But at this address in memory, no writes are allowed as far as I understand the memory map which is given to the linker... But the generated assembly code tries to do in line 5?
Does anybody know what I might be doing wrong here? I also tried to use calloc to allocate memory on the heap (instead of the stack like the code above does right?) but the programm still crashed.
I also copied the line dslimb_t accum[2*DIGITS] = {0}
to the start of the program where it was executed without an error.
Thank you very much for any help!
EDIT
mac is called like that, uniform samples some uniform random numbers
gf_t sk_expanded[DIM],b,c;
for (unsigned i=0; i<DIM; i++) {
noise(sk_expanded[i],ctx,i);
}
for (unsigned i=0; i<DIM; i++) {
noise(c,ctx,i+DIM); //noisy elements in c after call
for (unsigned j=0; j<DIM; j++) {
uniform(b,pk,i+DIM*j); //uniform random numbers in b after call
mac(c,b,sk_expanded[j]); //fails here on first call
}
contract(&pk[MATRIX_SEED_BYTES+i*GF_BYTES], c);
}
this code runs on my host machine, but on my tricore microcontroller it fails in the first mac() function call.

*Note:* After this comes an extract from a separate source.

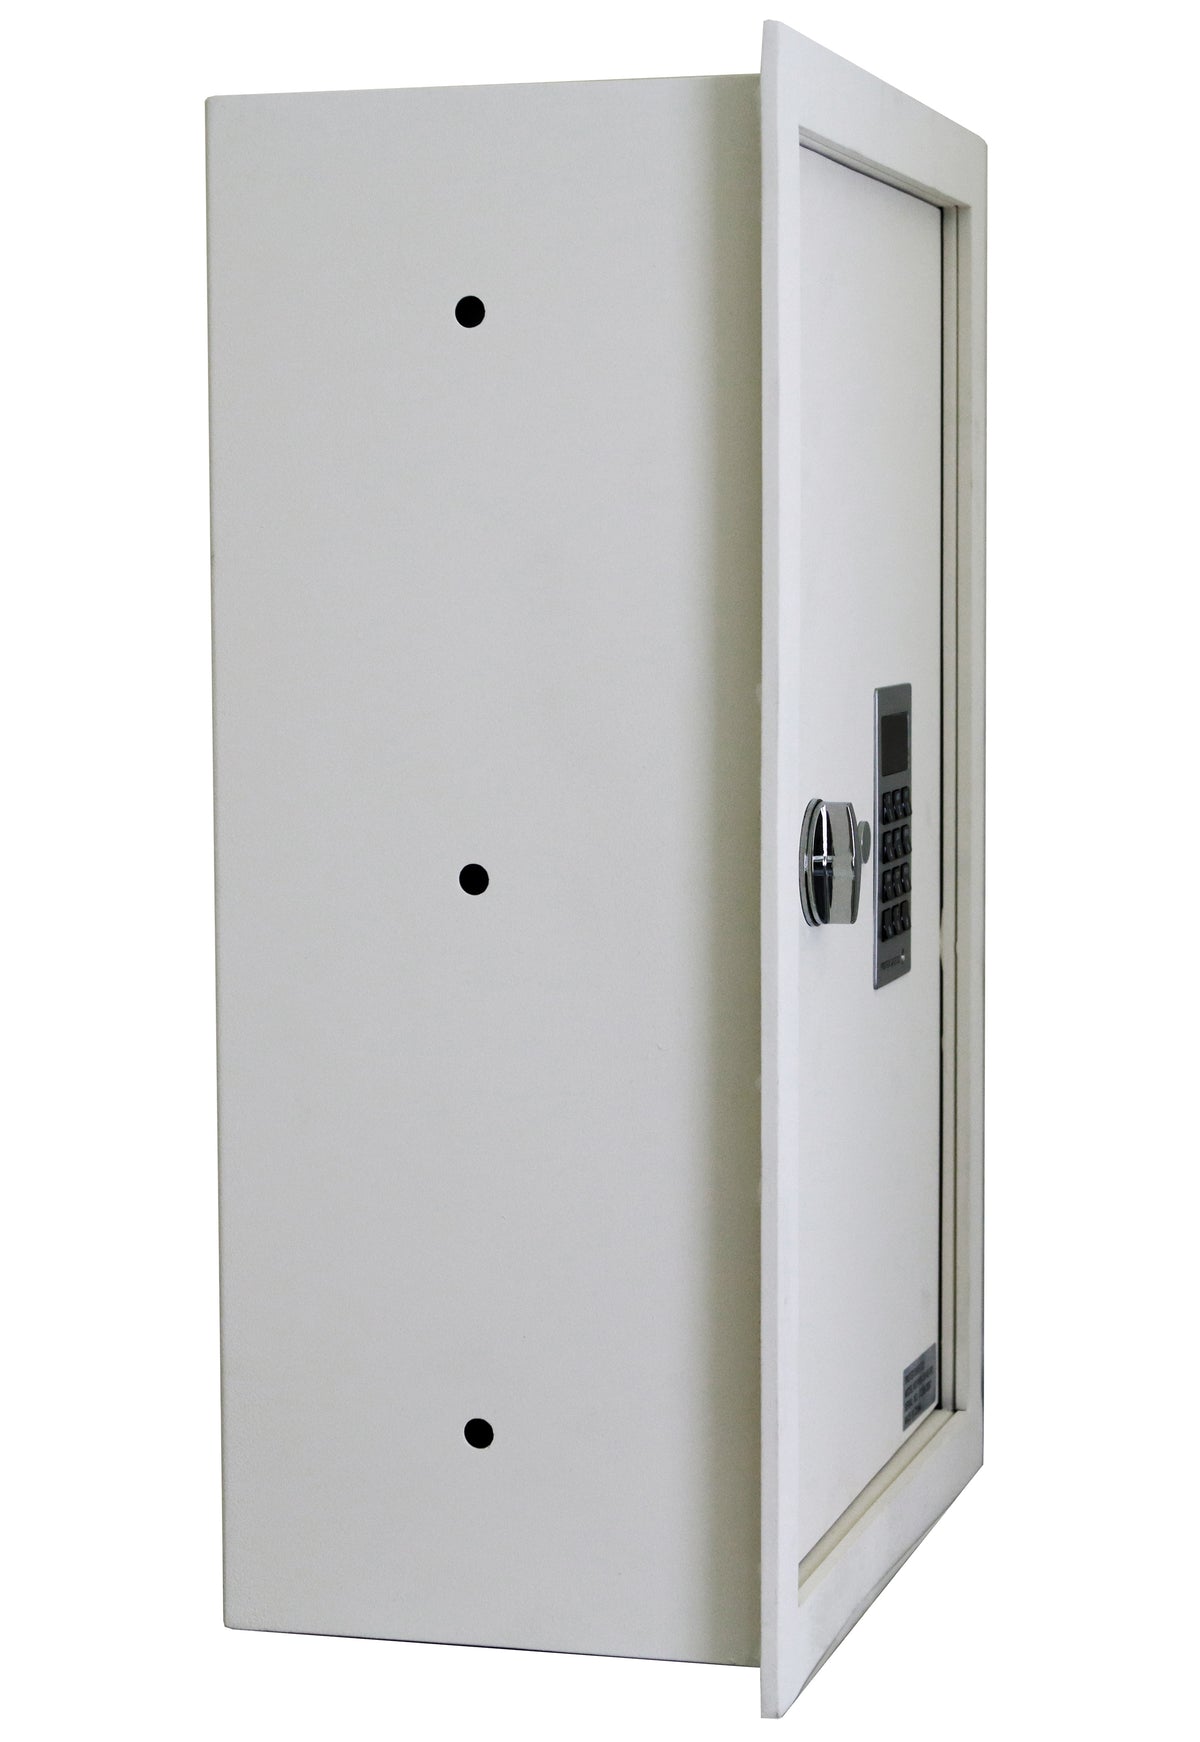 Protex PWS-1814E-FR 30 Minute Fire Rated Wall Safe Side View

As the "stack pointer" a10
is 0xD0000600
before, and stack grows downward on this platform, and the memory chip assigned to this area starts at 0xD0000000
=> you have only 0x600 bytes of stack memory available for locals and other function calls (and their locals!).
Does anybody know what I might be doing wrong here?
But you are trying to allocate 0x9C0 bytes (plus few more for b
and c
, unless those end in registers, and the optimizer is smart enough to not allocate stack space for them), which leads to going outside of the designed memory area, and first write instruction then will crash. Actually if you would request many more bytes, you can accidentally start inside the Scratch-pad RAM (the resulting address being very close to 0xC0000000
), then the code will crash during clearing the array, once it would left the scratch-pad area.
But the generated assembly code tries to do in line 5?
The generated code doesn't check for memory availability in C, related to this kind of problems the C is "unsafe" programming language, and it's responsibility of programmer + maintainer/operator to build the code and run it in such environment where the stack has enough space. Or add checks into code which is so dynamic, that it's not possible to evaluate the stack usage during development and the code should handle full-stack situations gracefully.
I also tried to use calloc to allocate memory on the heap (instead of the stack like the code above does right?) but the programm still crashed.
Seems like different problem, or you have also full heap (from comment "heap should be 4k" - that sounds like very tiny heap, maybe you exhausted it with other dynamic allocations already, also fragmentation may prevent your memory allocator to return continuous valid 3k block for your array). Heap allocators tend to return NULL
when their pool is exhausted, but maybe your platform is so limited, that the memory allocator is missing such safety code in implementation, to make it smaller.
I also copied the line dslimb_t accum[2*DIGITS] = {0} to the start of the program where it was executed without an error.
Then it's global variable, which gets placed into the .data
-like segment, which is placed into sufficiently big memory area.
And yes, 624 32 bit integers needs at least 2496 (624*4) bytes of memory (in C language you usually pay zero price for abstraction, so in this case any piece of 2496 byte long memory, which is aligned as your platform requires, is enough to make this possible, in other languages like Java the total cost of such array is considerably higher, as there's also GC housekeeping and the array management data, so you can probably count about 3000-3500 bytes needed on such platform).
Usually when one develops on so much constrained system (asking for 3k of stack space for locals sounds as something completely negligible in desktop/web world of programming, but on small embedded systems or old 8/16 bit computers that may be serious amount of memory), it may help to design the code and algorithm in "data driven" way, i.e. you plan your memory usage completely, including where the code resides (and how big it can be), where the local/global variables are, and to be aware what is the maximum stack needed to run through all states of the code.
You can check why the stack is so low in the first place - the "local data RAM" seems to be ~110k big, so maybe you have enough space there, and there's some option during build to resize the stack (or linker script can be adjusted).
Actually you should check your whole memory consumption design, i.e. what data you really need to have in memory, where it is, which are temporary and what are they life cycle, etc (at least at rough kilobytes estimate), and check that against the physically available memory on the chip, so you can get the idea how carelessly you can write the code, or eventually if you are already out of memory for your particular task, even before the start of implementation. (you can start by checking the linker map file, to see how much of the code is produced, and how big are the fixed variables in .data/.bss/.rodata/etc
sections, then check all local variables and heap allocations)
Then maybe allocate the required memory in some kind of structs. Do you even need any dynamic allocation? Can't you simply design whole .data
segment already in the code as few global struct
variables, grouping various data by the abstraction where they belong, and use those globals in the other code, without any dynamic allocation at all?
Also if you are writing some kind of library/support function, make sure you don't exhaust all resources of the platform, otherwise it's not clear how one would use your functionality alongside their real task. :)